### [ASSIGNMENT]
The following data has a line with "View our Annual Report & Accounts 2019" and a line with "BMW X3 E83 (2003-2010)". Write out exactly those lines and all the lines between them.

### [LISTED ENTRIES]
::::
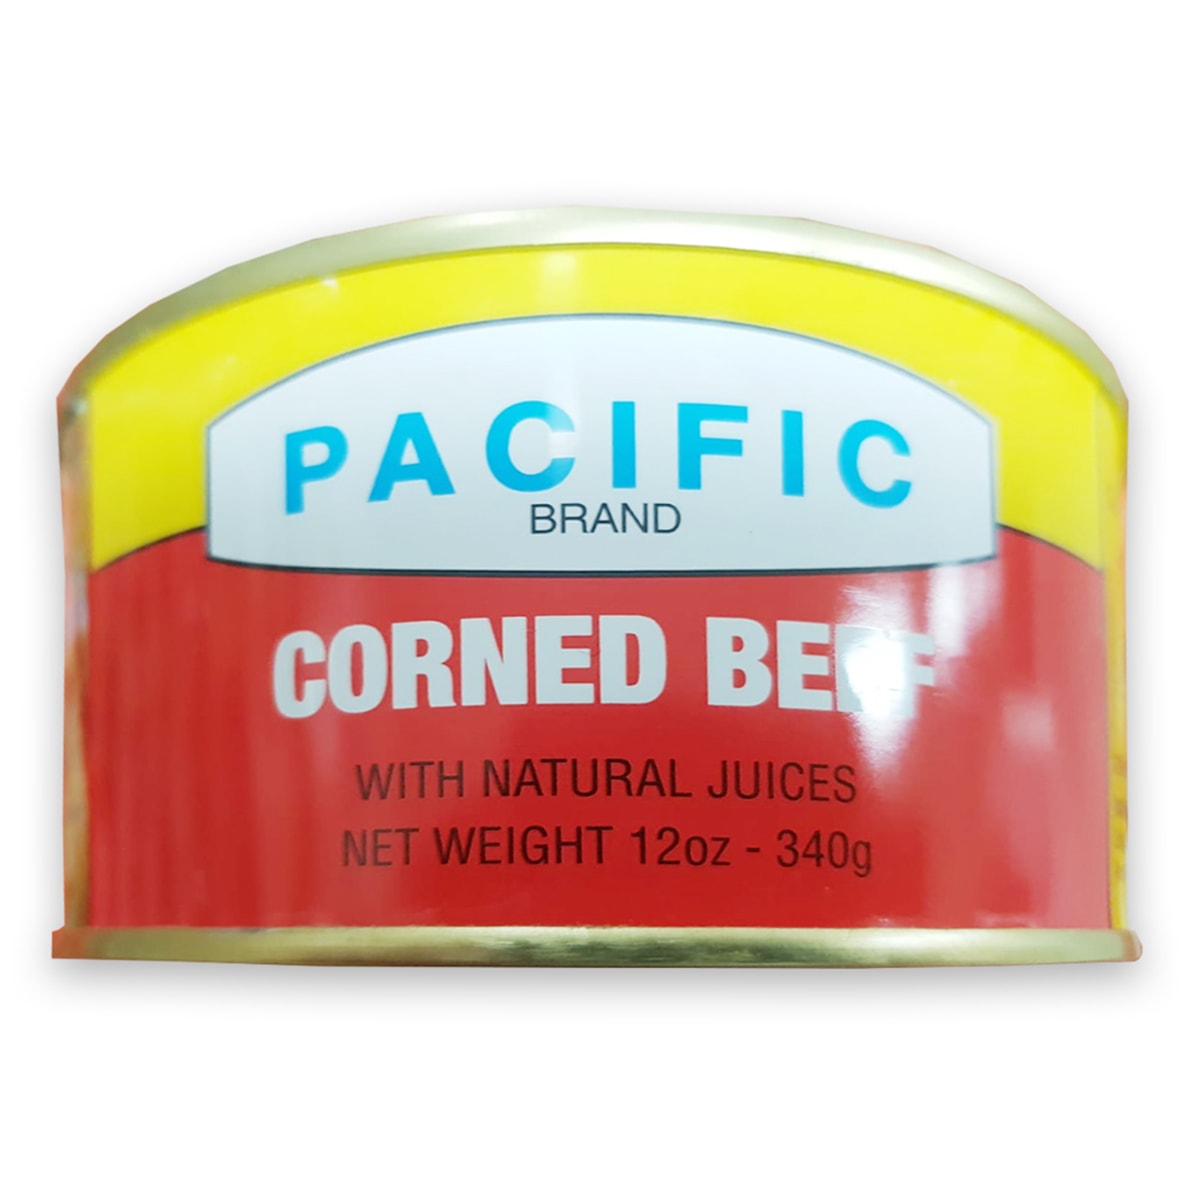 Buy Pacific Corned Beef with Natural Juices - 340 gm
::::
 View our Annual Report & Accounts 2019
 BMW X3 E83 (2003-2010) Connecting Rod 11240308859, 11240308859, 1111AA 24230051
::::
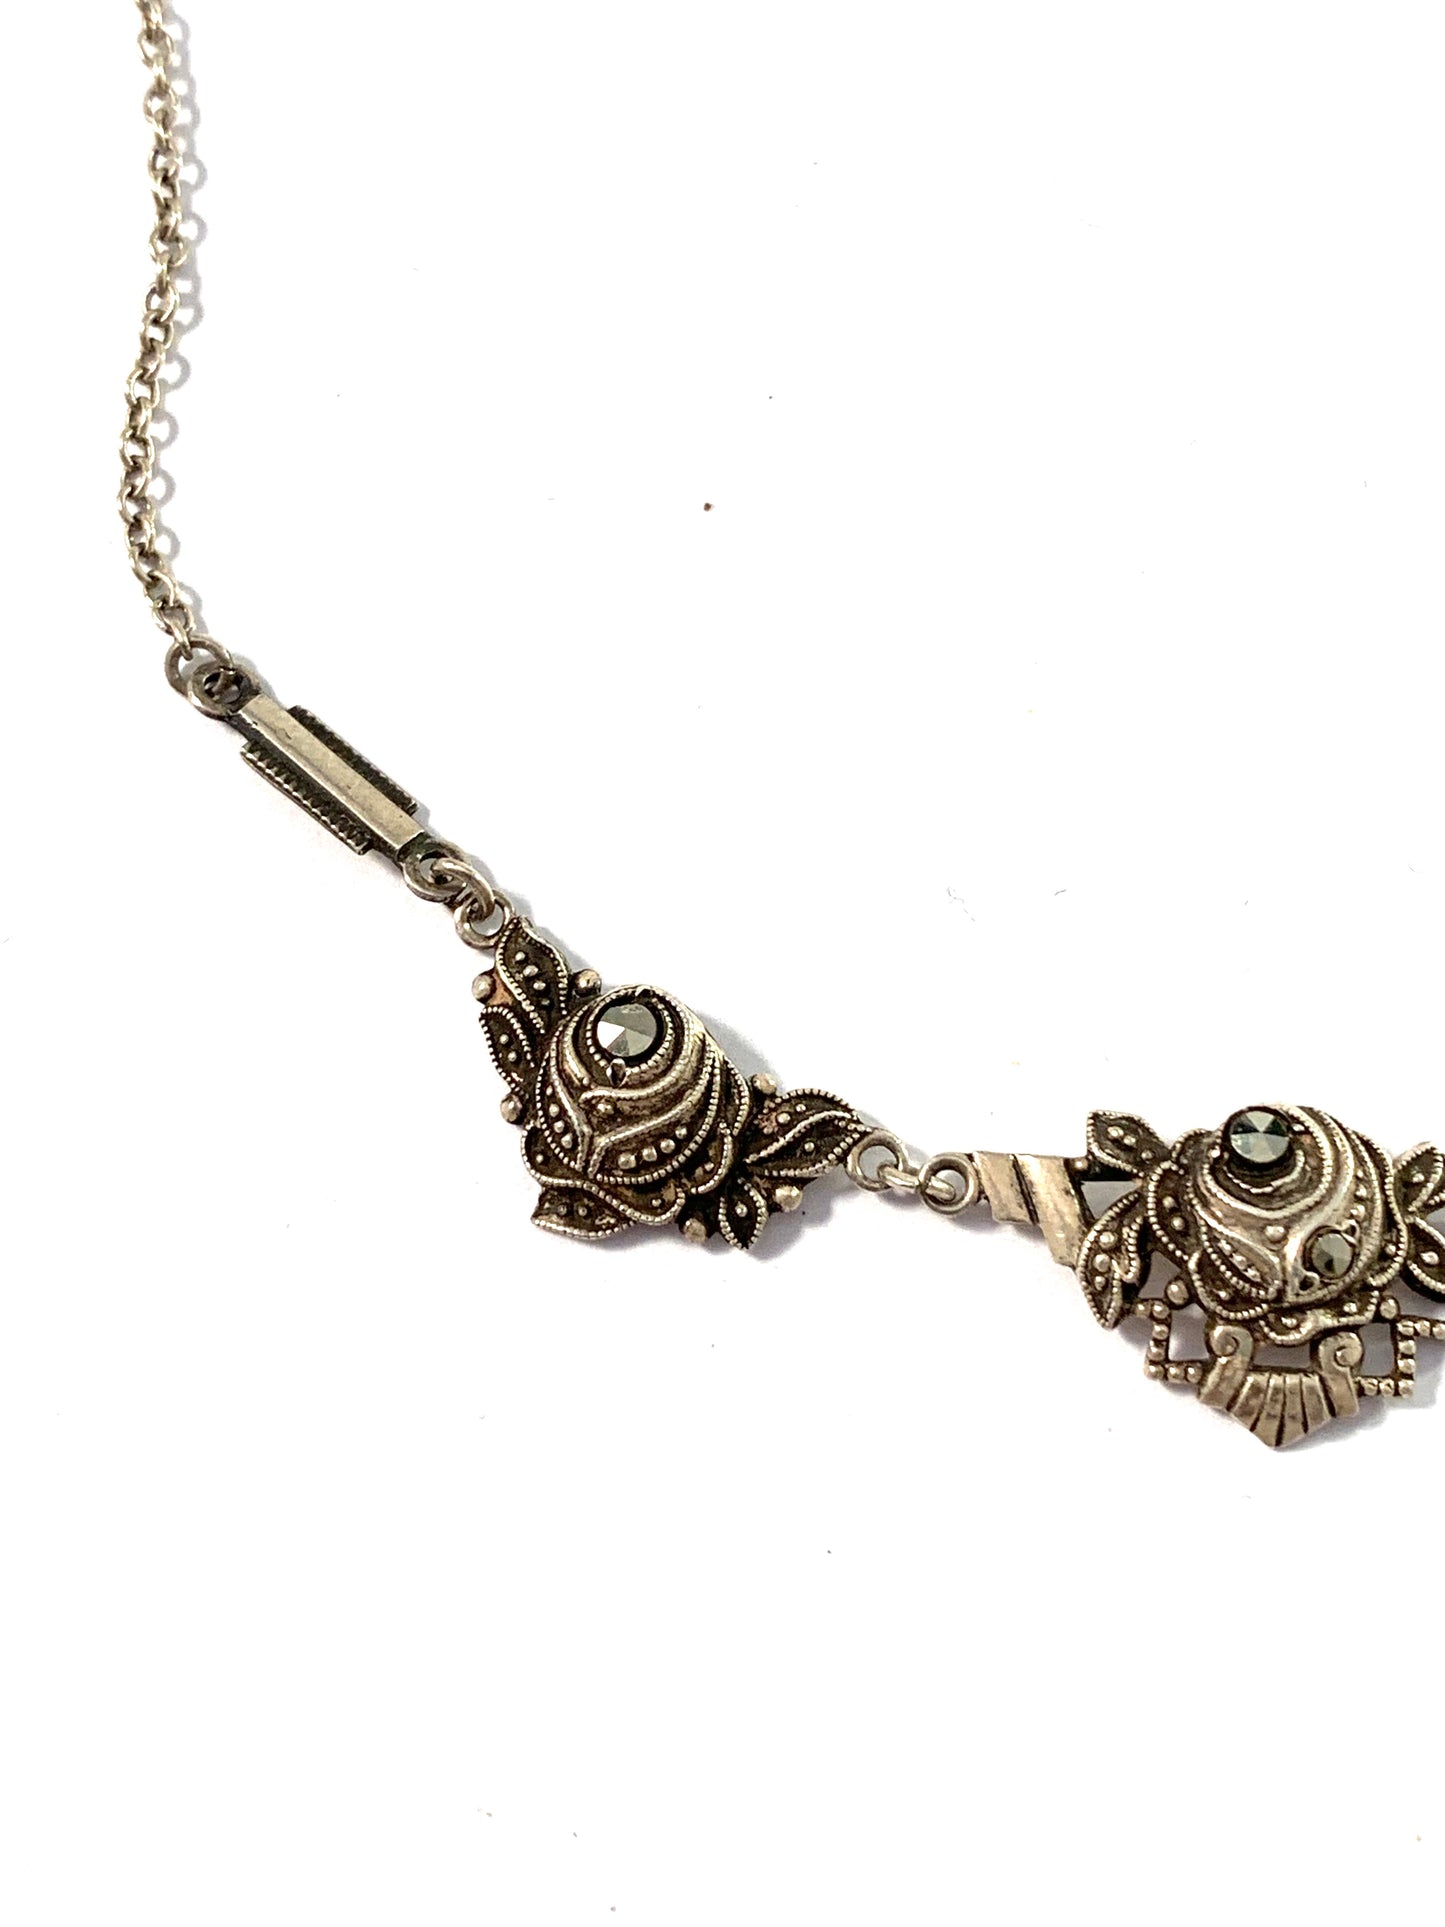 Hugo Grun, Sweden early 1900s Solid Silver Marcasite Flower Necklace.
::::
### [RESULT BELOW]
 View our Annual Report & Accounts 2019
 BMW X3 E83 (2003-2010) Connecting Rod 11240308859, 11240308859, 1111AA 24230051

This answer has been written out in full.